─── Material provided

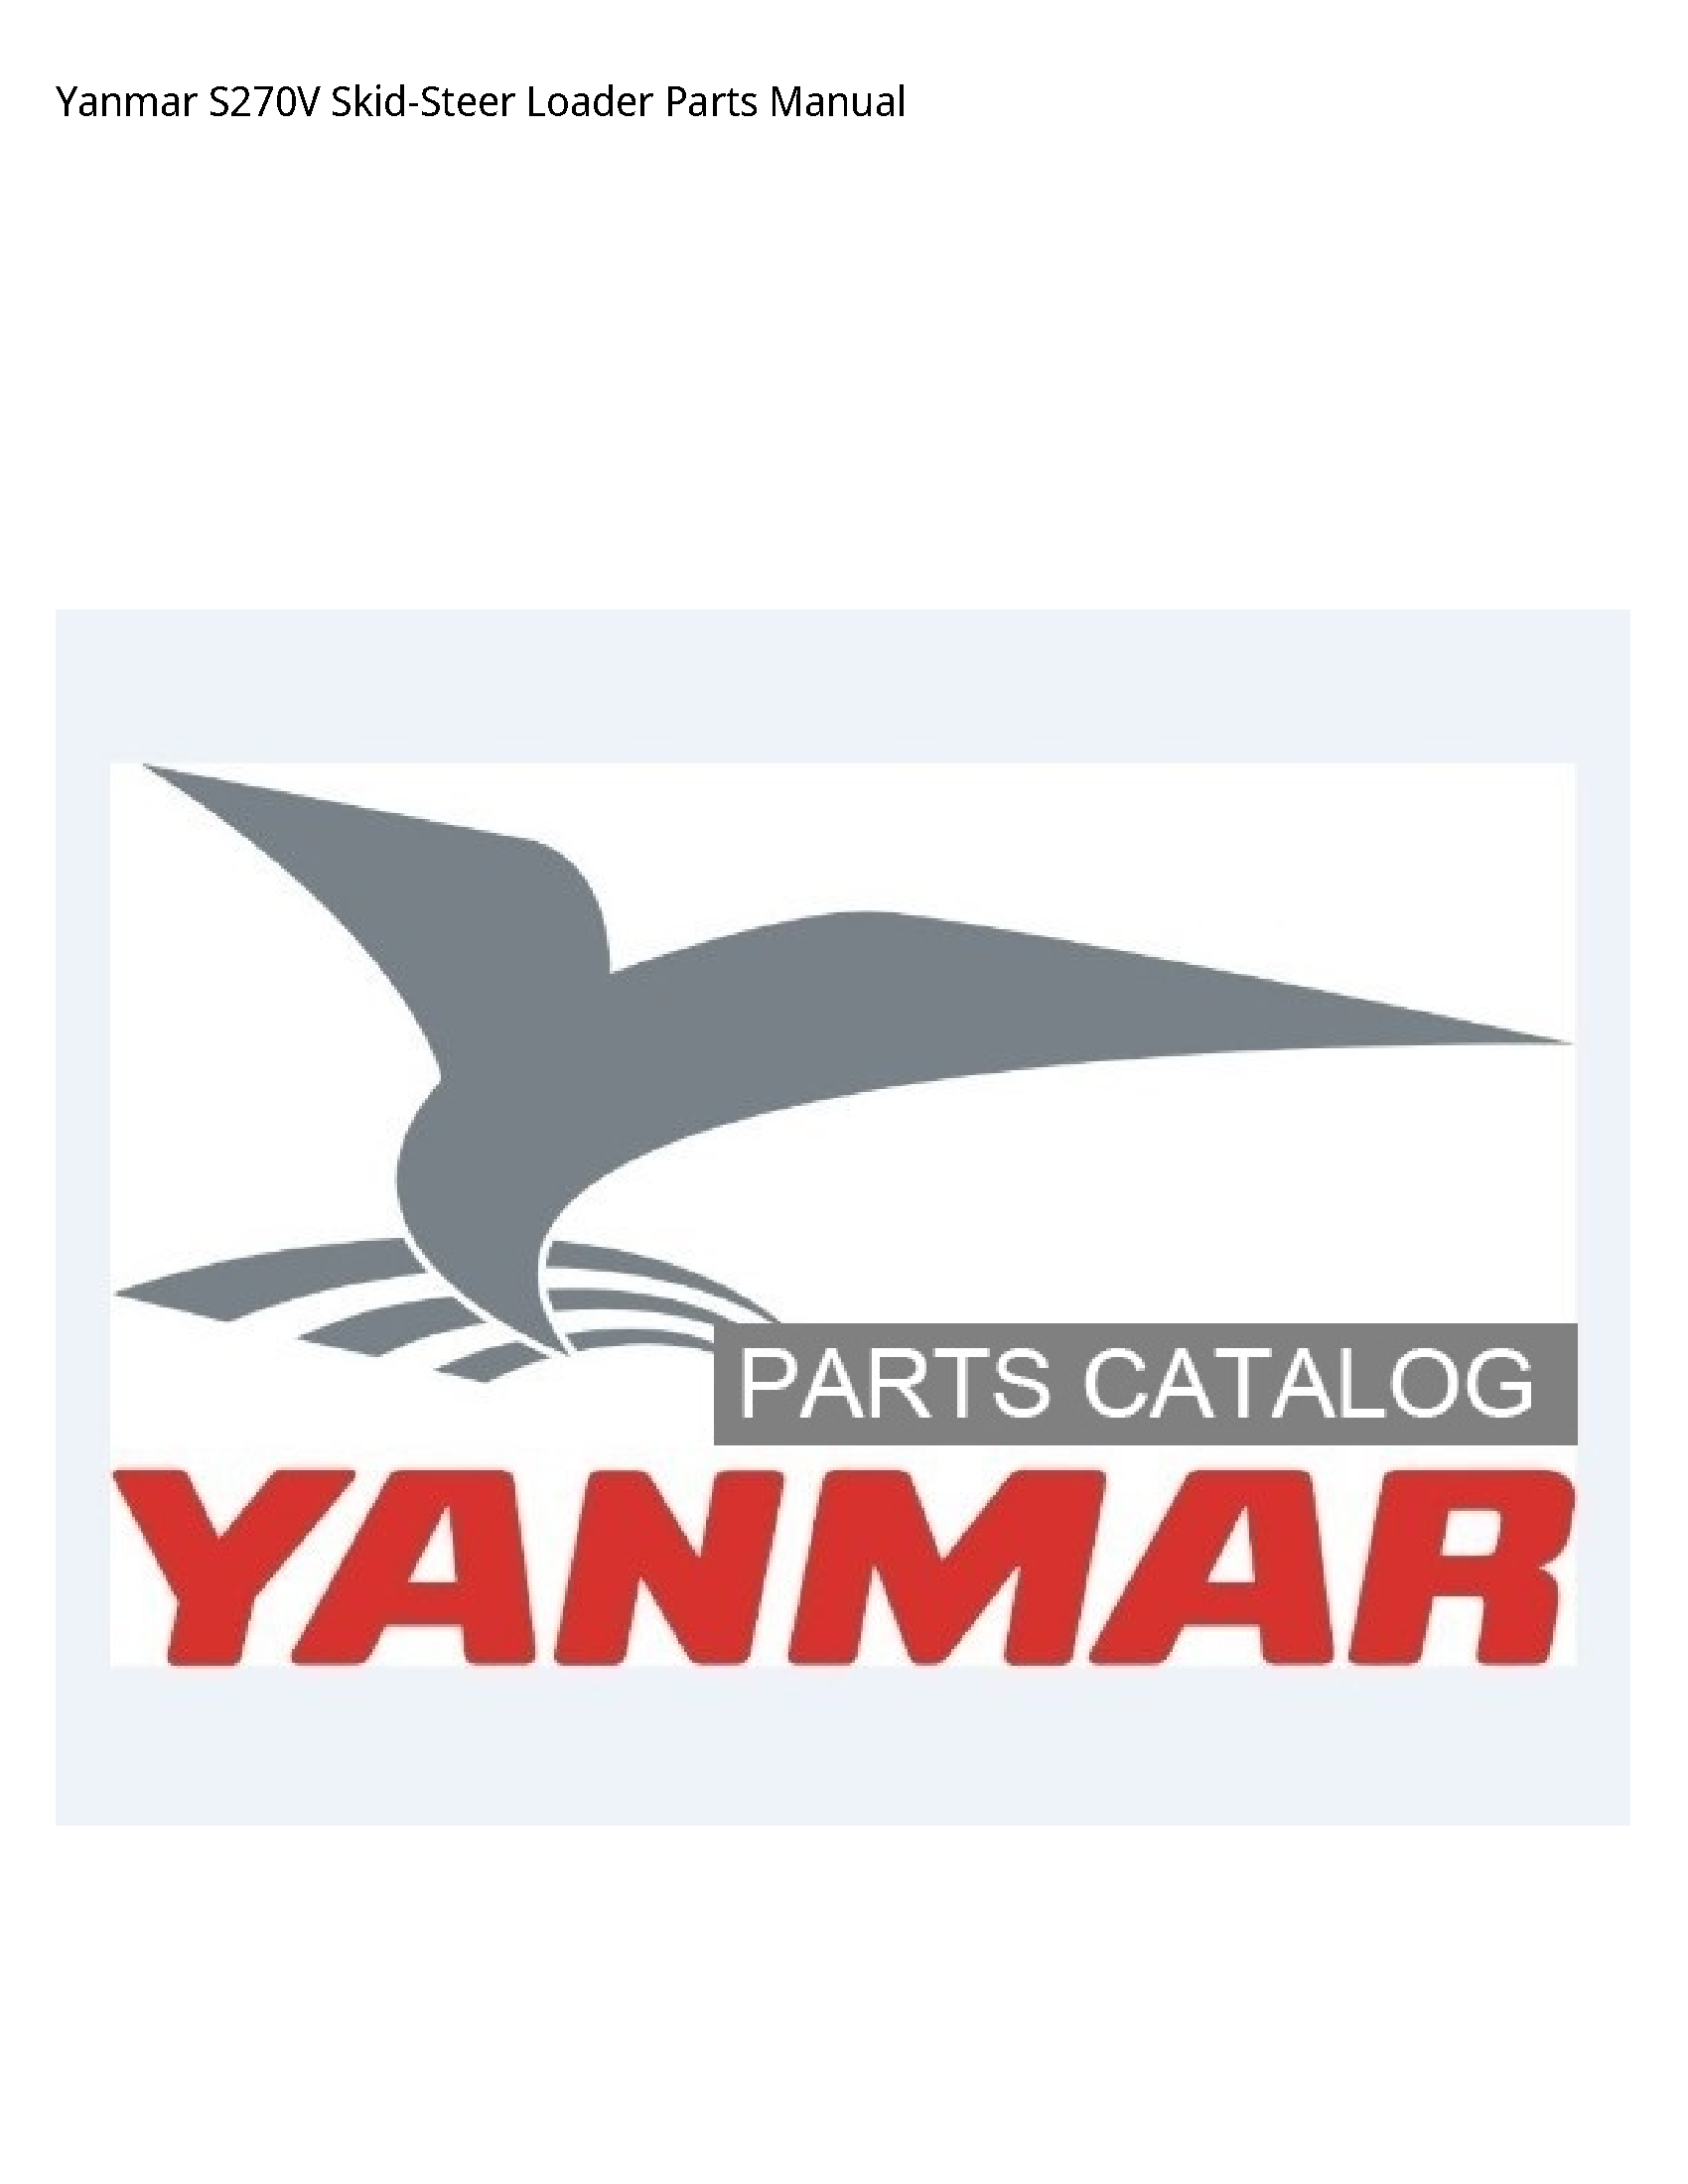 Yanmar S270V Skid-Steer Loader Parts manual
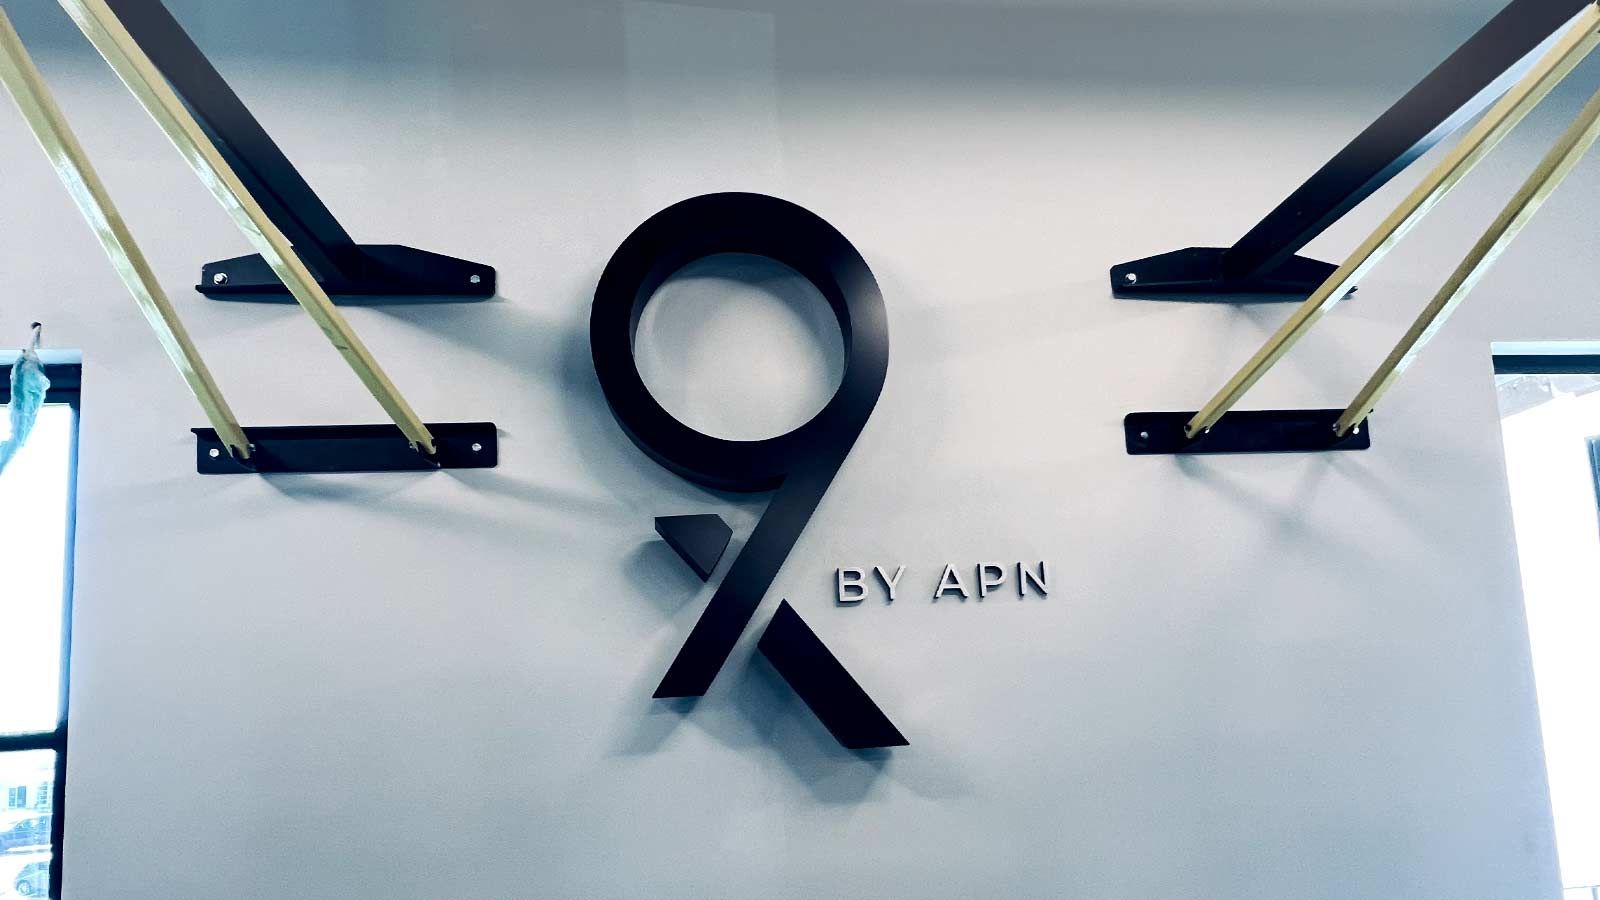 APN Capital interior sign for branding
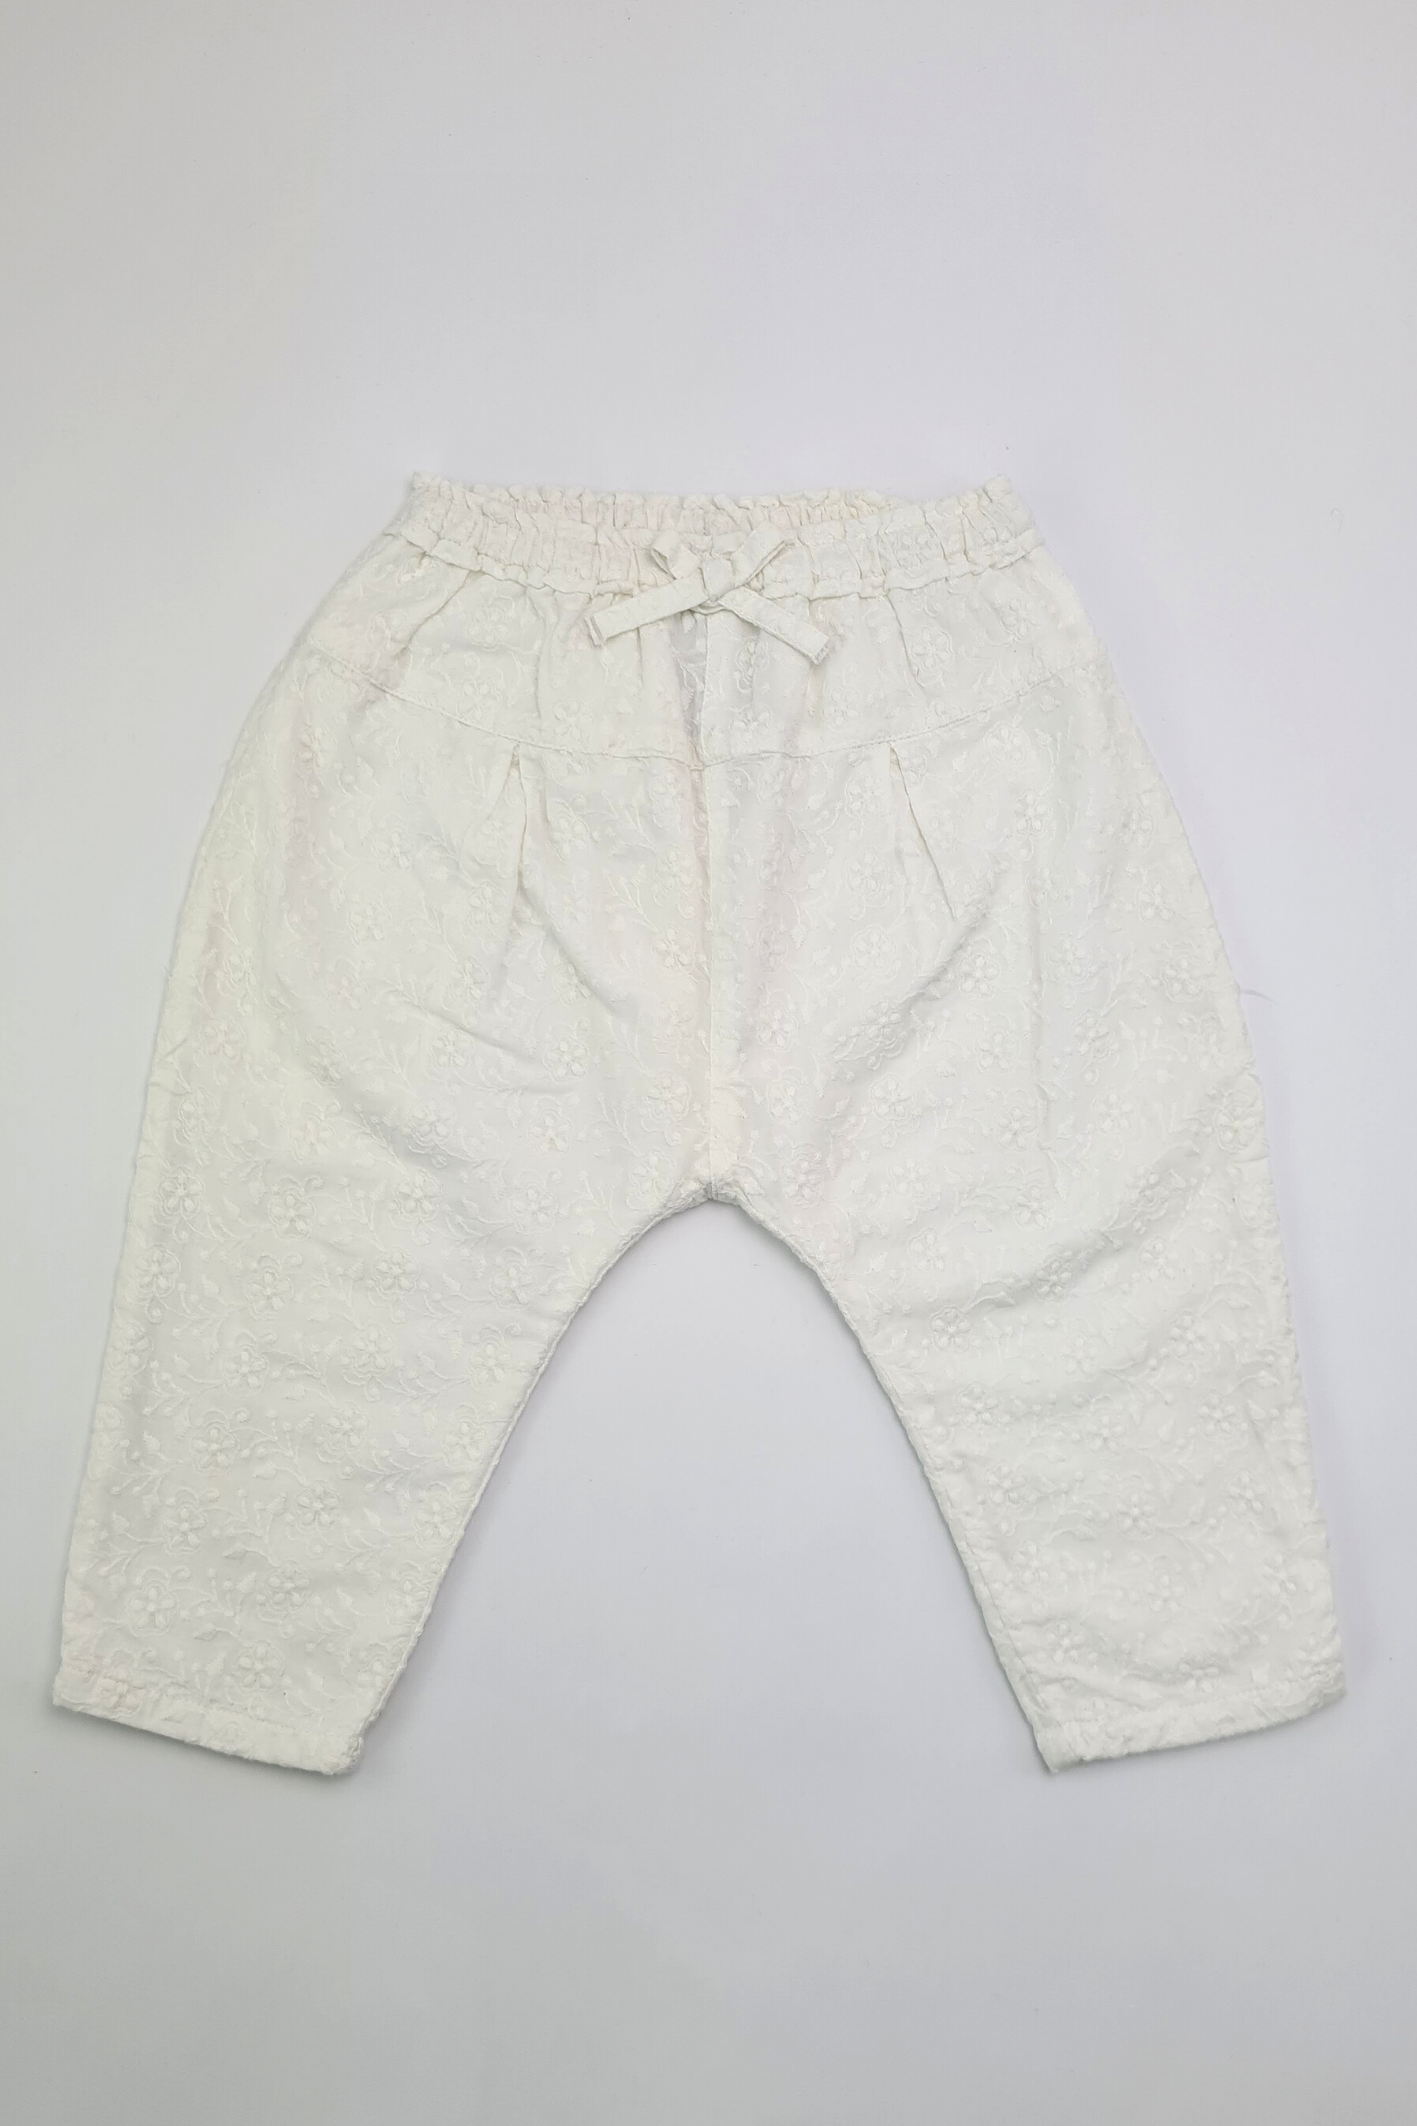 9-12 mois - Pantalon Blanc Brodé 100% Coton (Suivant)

──────

:: Activity ::
Reproduce the material word for word, minus the images.

:: Result ::
 Yanmar S270V Skid-Steer Loader Parts manual
 APN Capital interior sign for branding
 9-12 mois - Pantalon Blanc Brodé 100% Coton (Suivant)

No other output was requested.